Provided data:
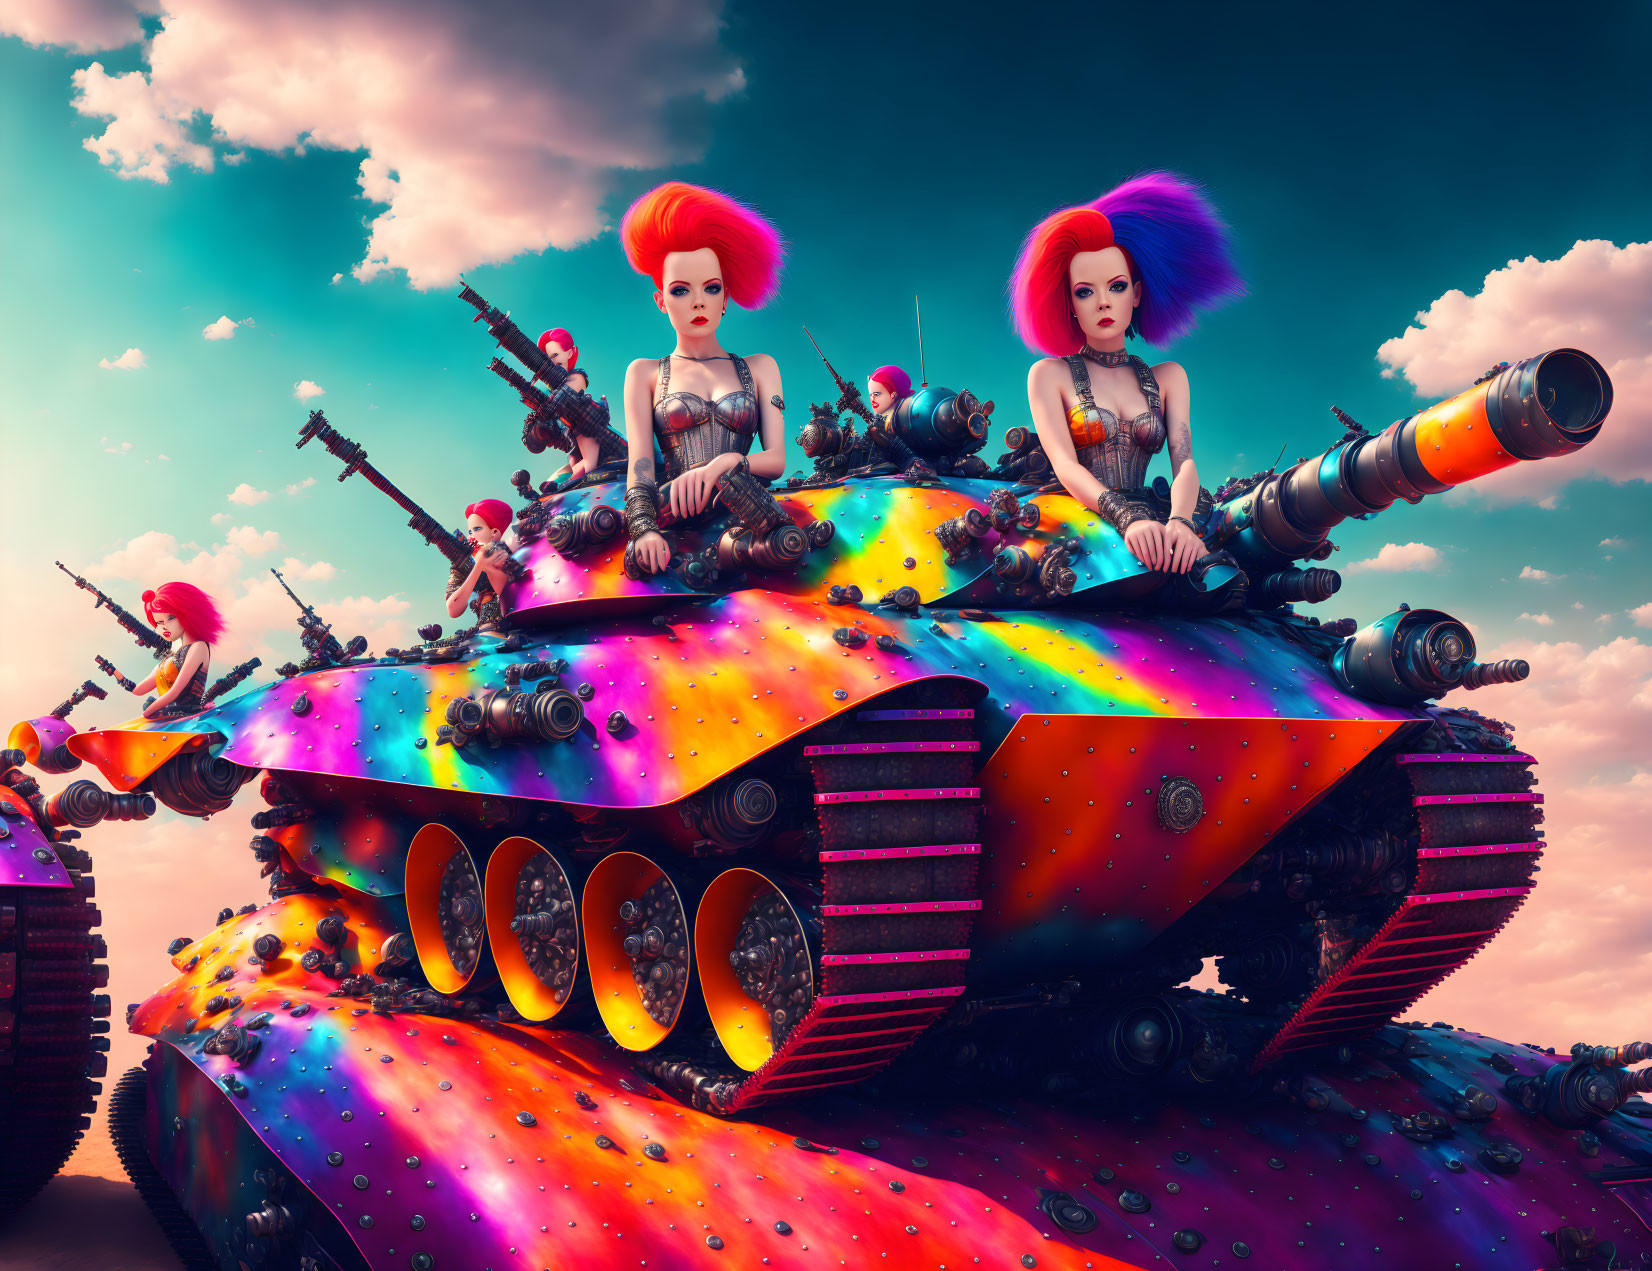 Stylized female figures with colorful hair and tattoos on vibrant tank.
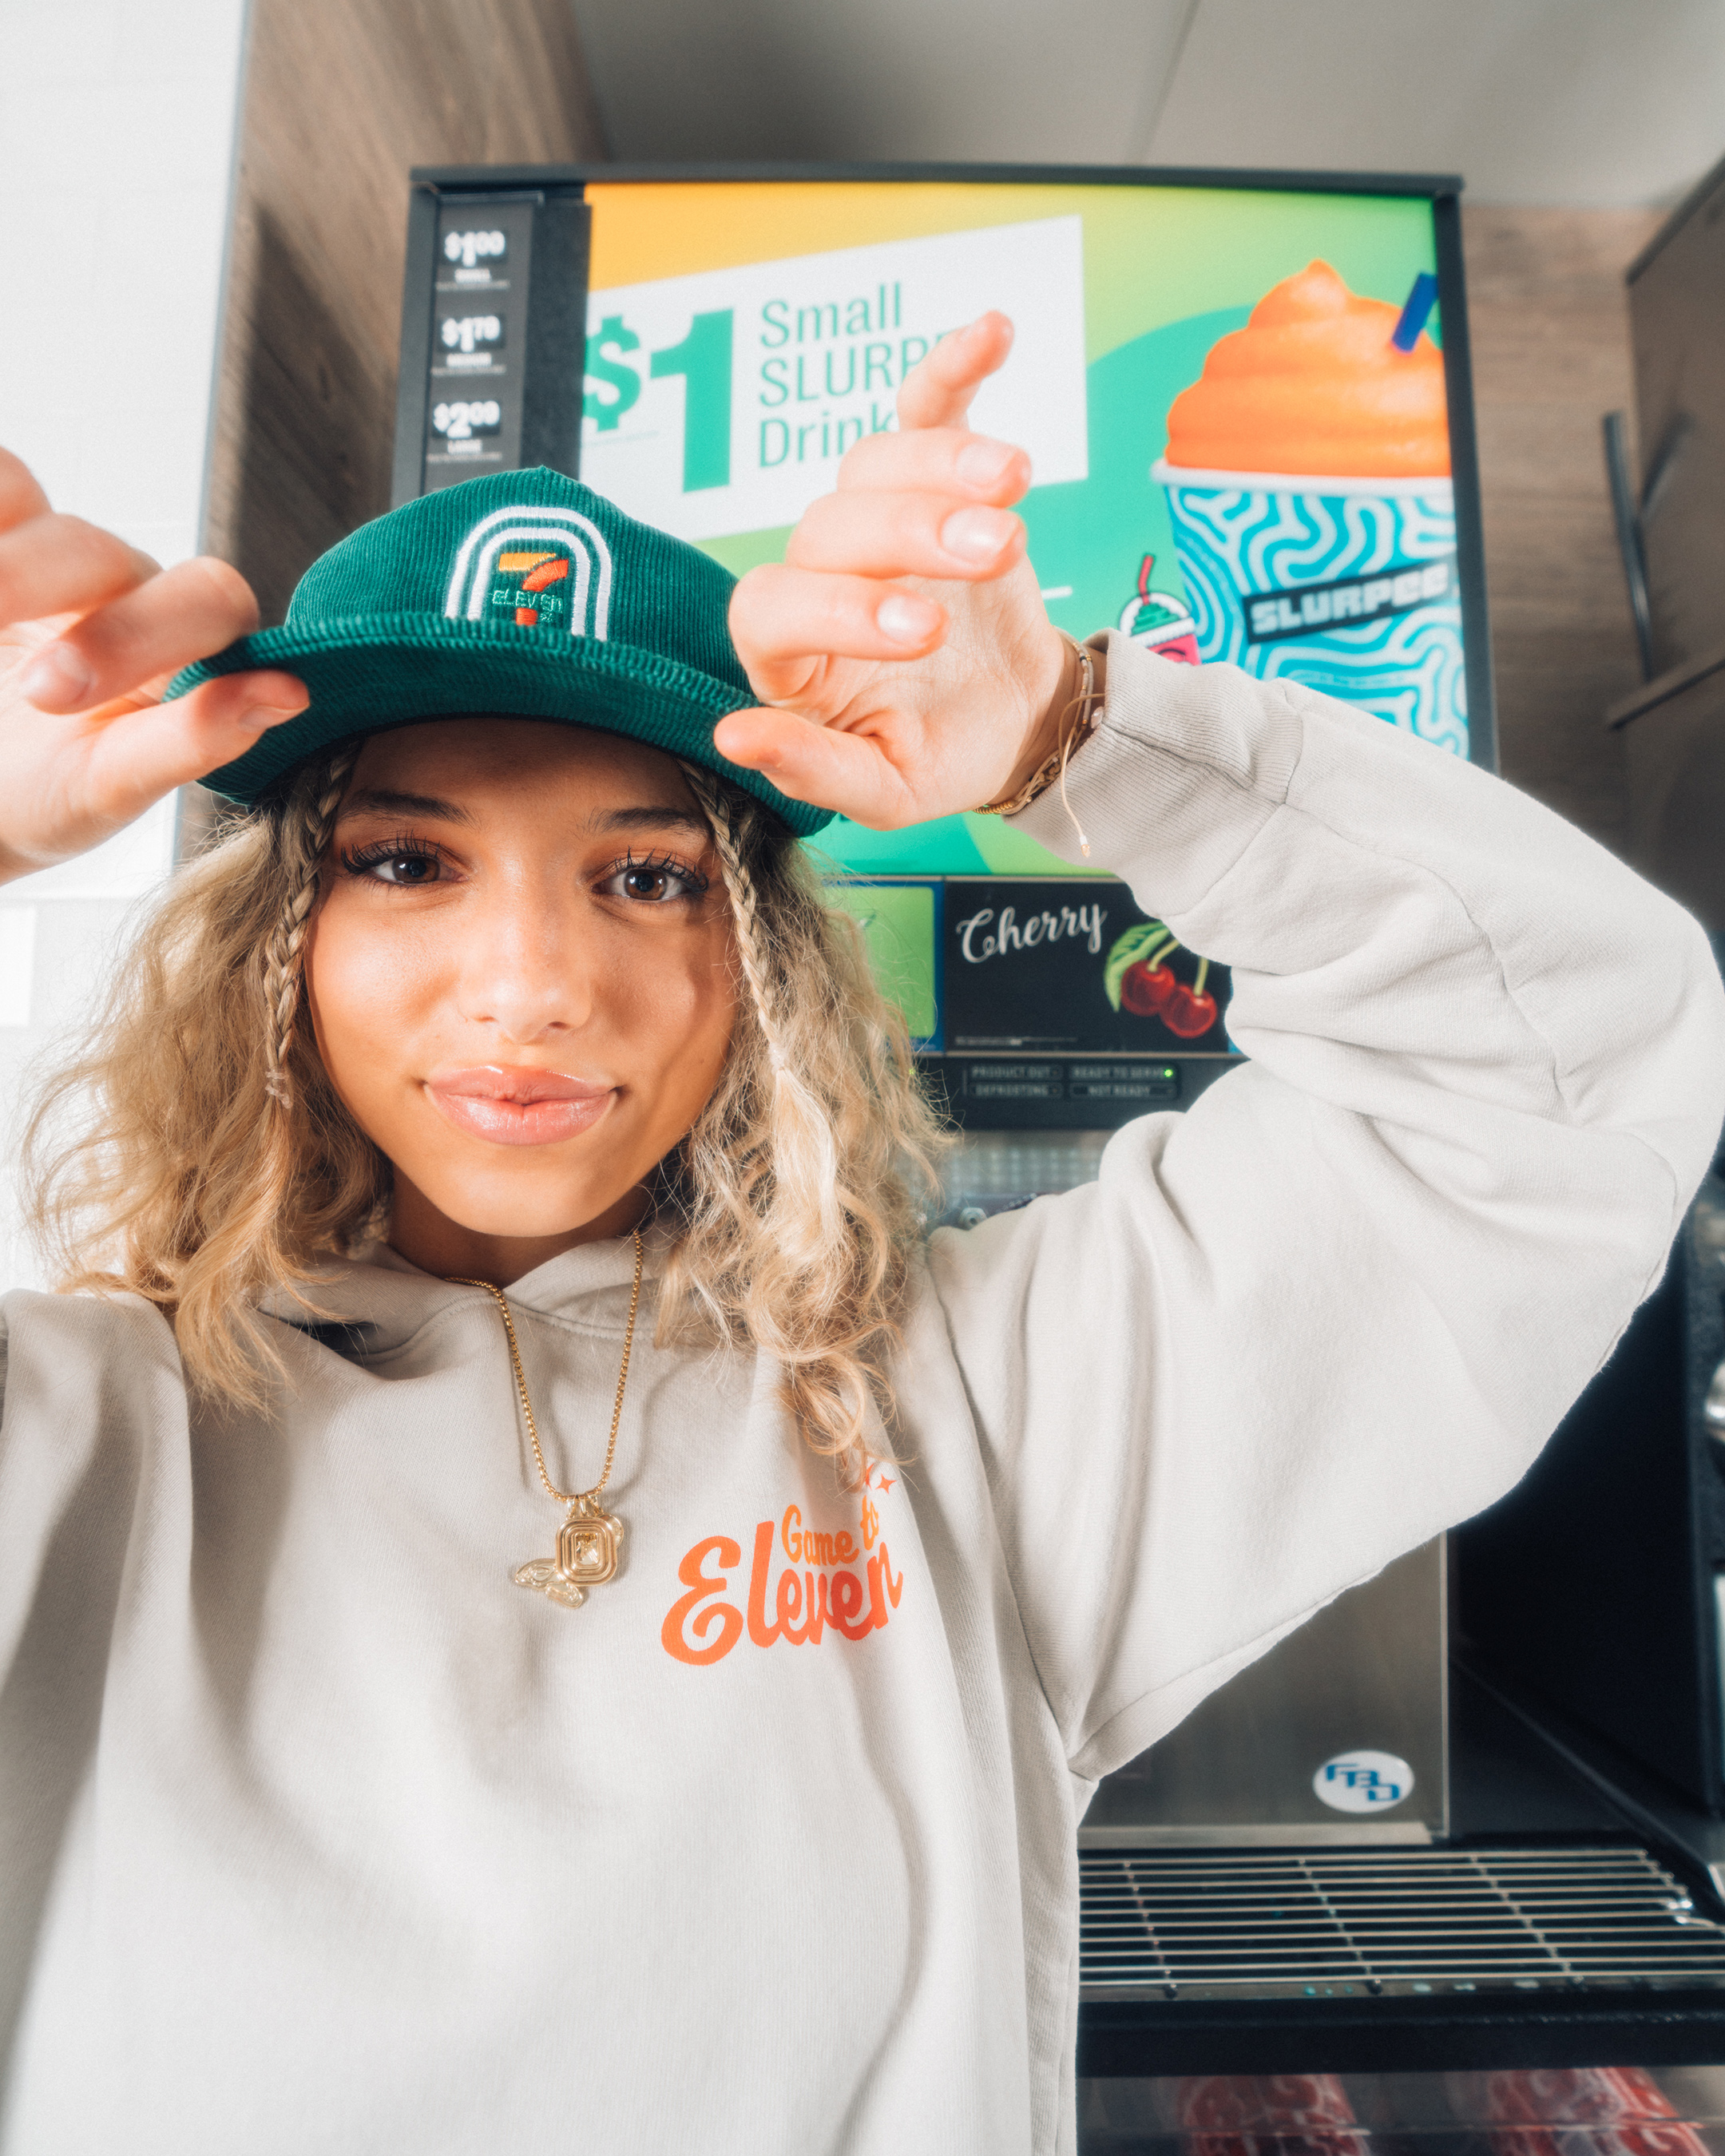 Drop it Like it's Haute: 7-Eleven Releases Limited-Edition Apparel Collection with Overtime and Easy Otabor
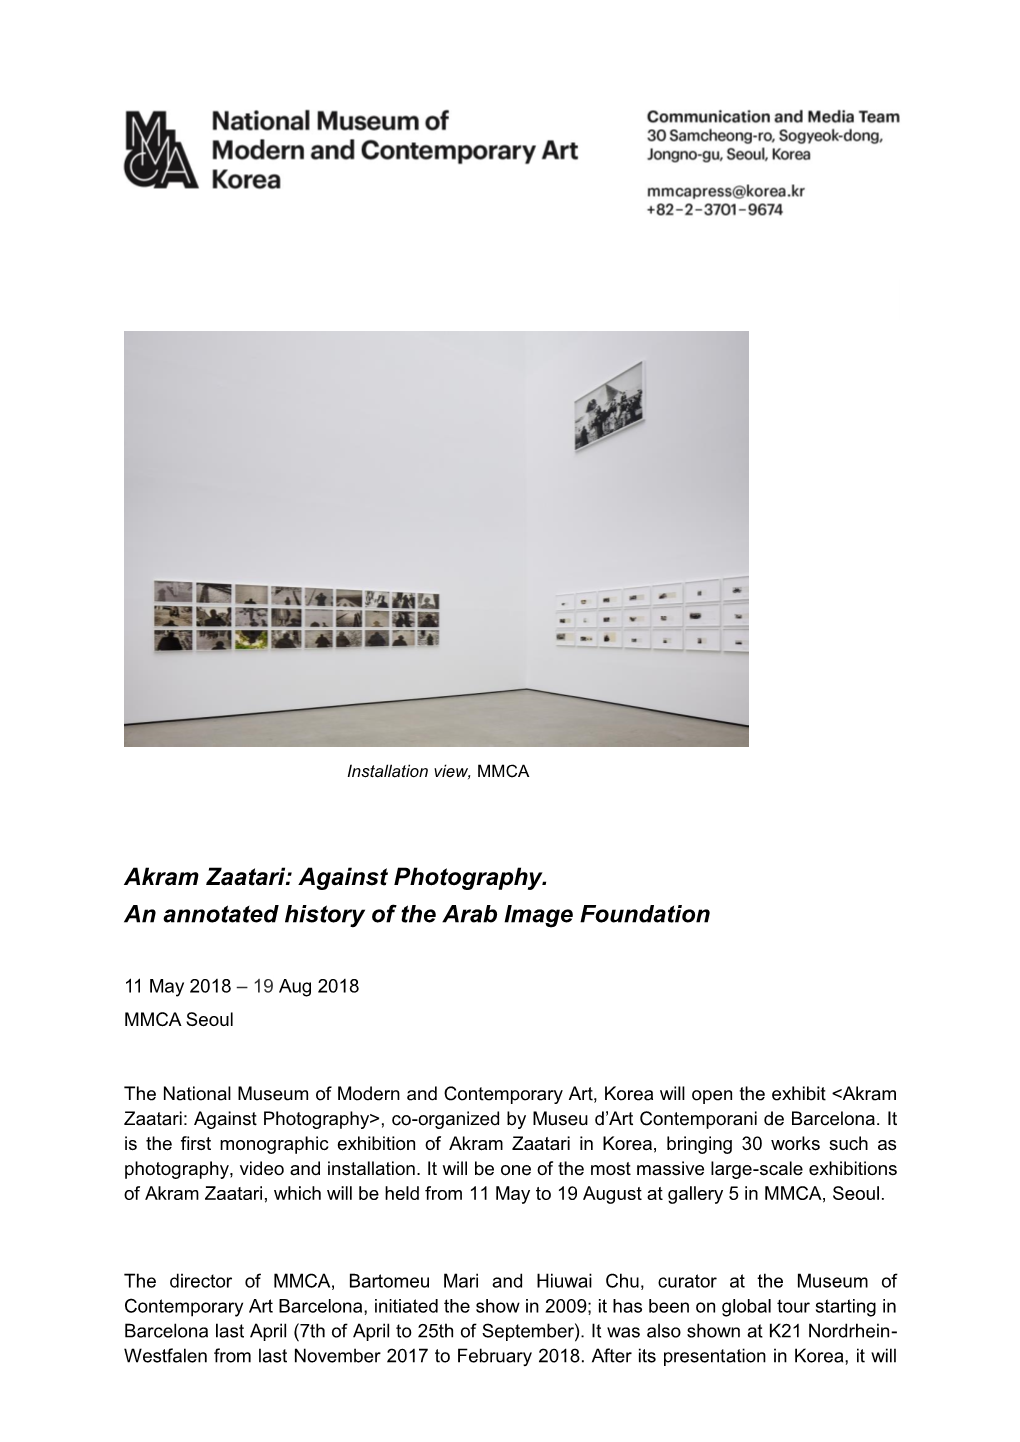 Akram Zaatari: Against Photography. an Annotated History of the Arab Image Foundation

Directions for this task:
All of the data should come back exactly as written, but without pictures.

Written answer:
 Stylized female figures with colorful hair and tattoos on vibrant tank.
 Drop it Like it's Haute: 7-Eleven Releases Limited-Edition Apparel Collection with Overtime and Easy Otabor
 Akram Zaatari: Against Photography. an Annotated History of the Arab Image Foundation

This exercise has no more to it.